DIA 2
A PRIMEIRA TROMBETA
Para a Carol Loff
Atravessamos descalços a planície vermelha.
Em cada cela um condenado sonha,
Deitando a cabeça loira no ombro da distância
E fumando navios.
Em cada porto um veleiro fantasma aparelha para a grande
[viagem proibida,
Carregado de esperanças e palavras que não têm guarida
[em nenhum sítio da terra.
Atravessamos descalços a planície vermelha.
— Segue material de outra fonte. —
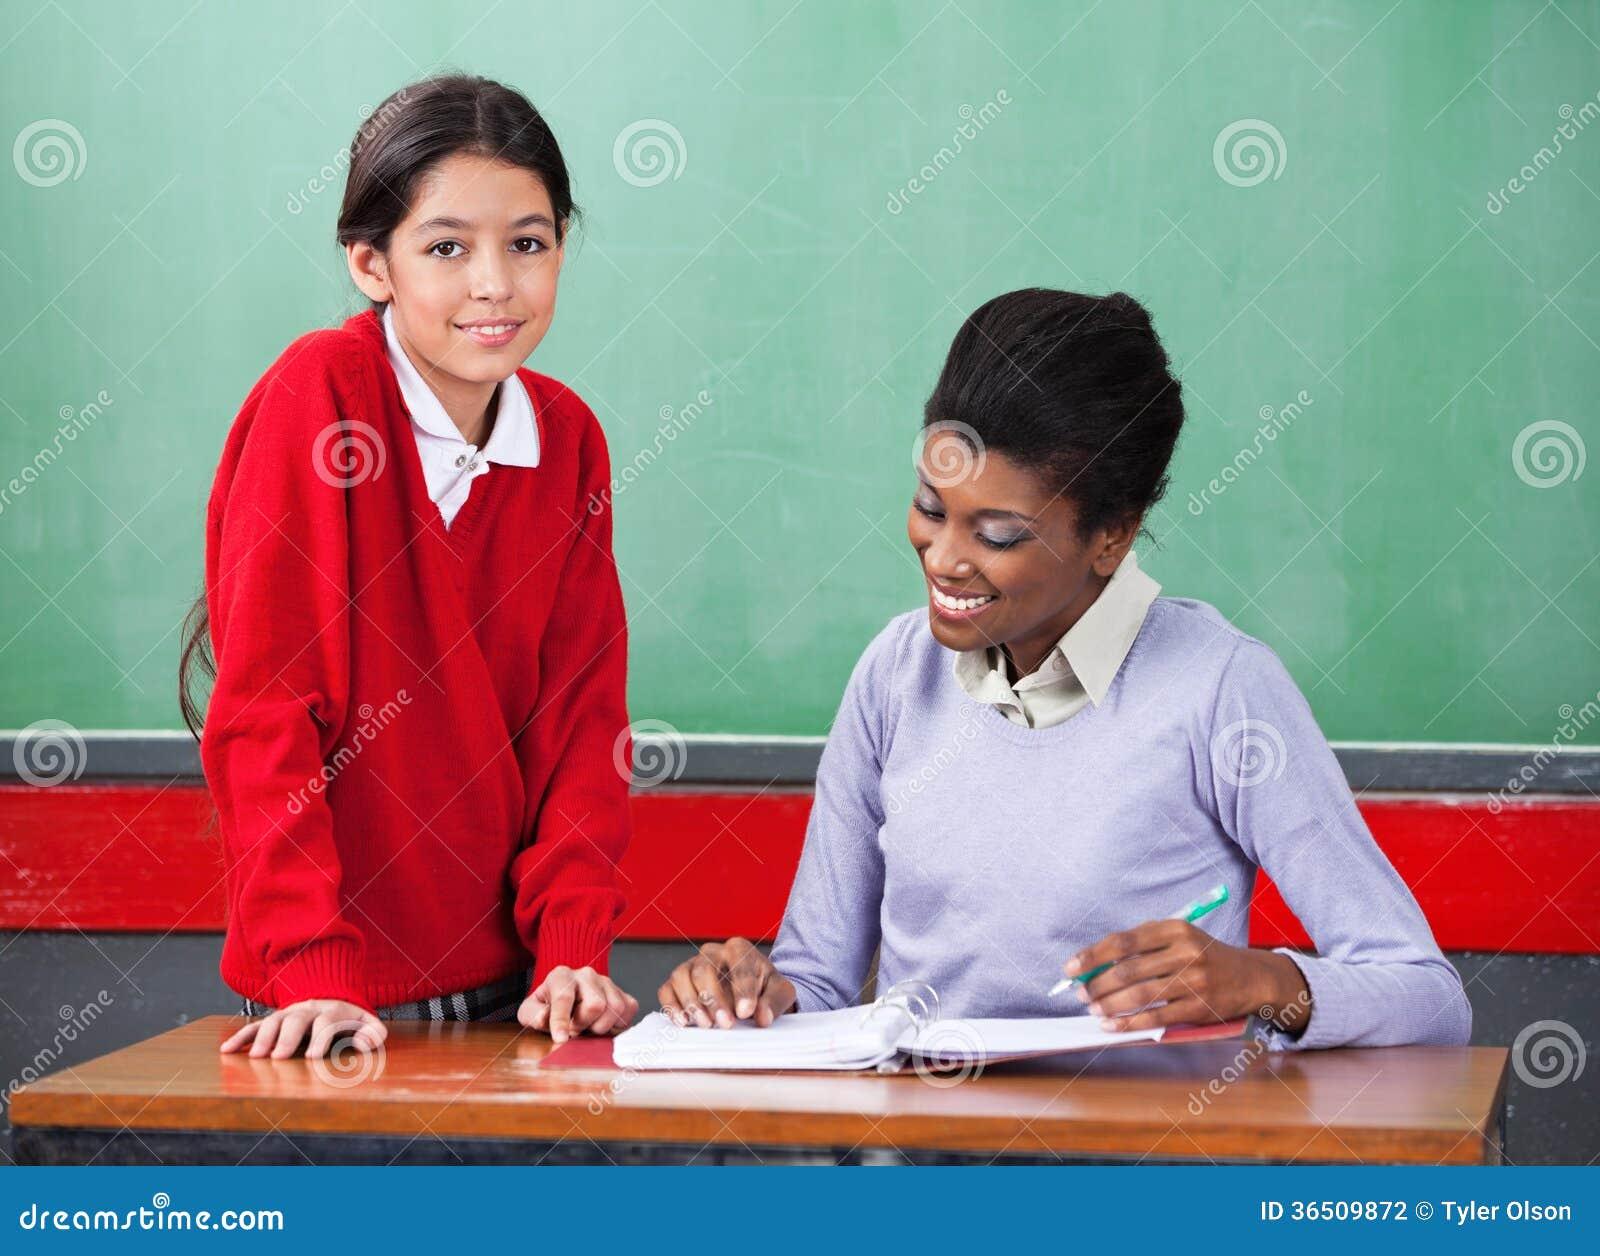 Πορτρέτο της μαθήτριας με το σύνδεσμο ανάγνωσης δασκάλων

O sinal dos tempos apunhala-nos a memória.
Nada reconhecemos
A não ser a face impassível que nos ameaça,
A sombra das idades que nos persegue,
A terrível violência da voz que nos acusa
E nem o sangue dos séculos consegue aplacar.
Atravessamos descalços a planície vermelha
Onde quer que paremos, espera-nos o cavaleiro da
[armadura de ferro,
Trespassando-nos o corpo com seus olhos de fogo
E não deixando nem um segredo aos nossos corações
[aflitos,
Nem um soluço às nossa gargantas estranguladas.
Atravessamos descalços a planície vermelha.
As cidades destruídas dormem ao relento do ódio,
As sentinelas de sal vigiam o repouso petrificado dos
[deuses,
A noite assiste em silêncio
A todos os crimes perpetrados no horizonte.
Atravessamos descalços a planície vermelha
Os agoiros do céu predizem-nos os passos,
Os indícios do vento gelam-nos os ossos.
Despojados de lágrimas devoramos o medo
Enquanto em cada porto um veleiro se afunda,
Enquanto em cada cela se assassina um anjo.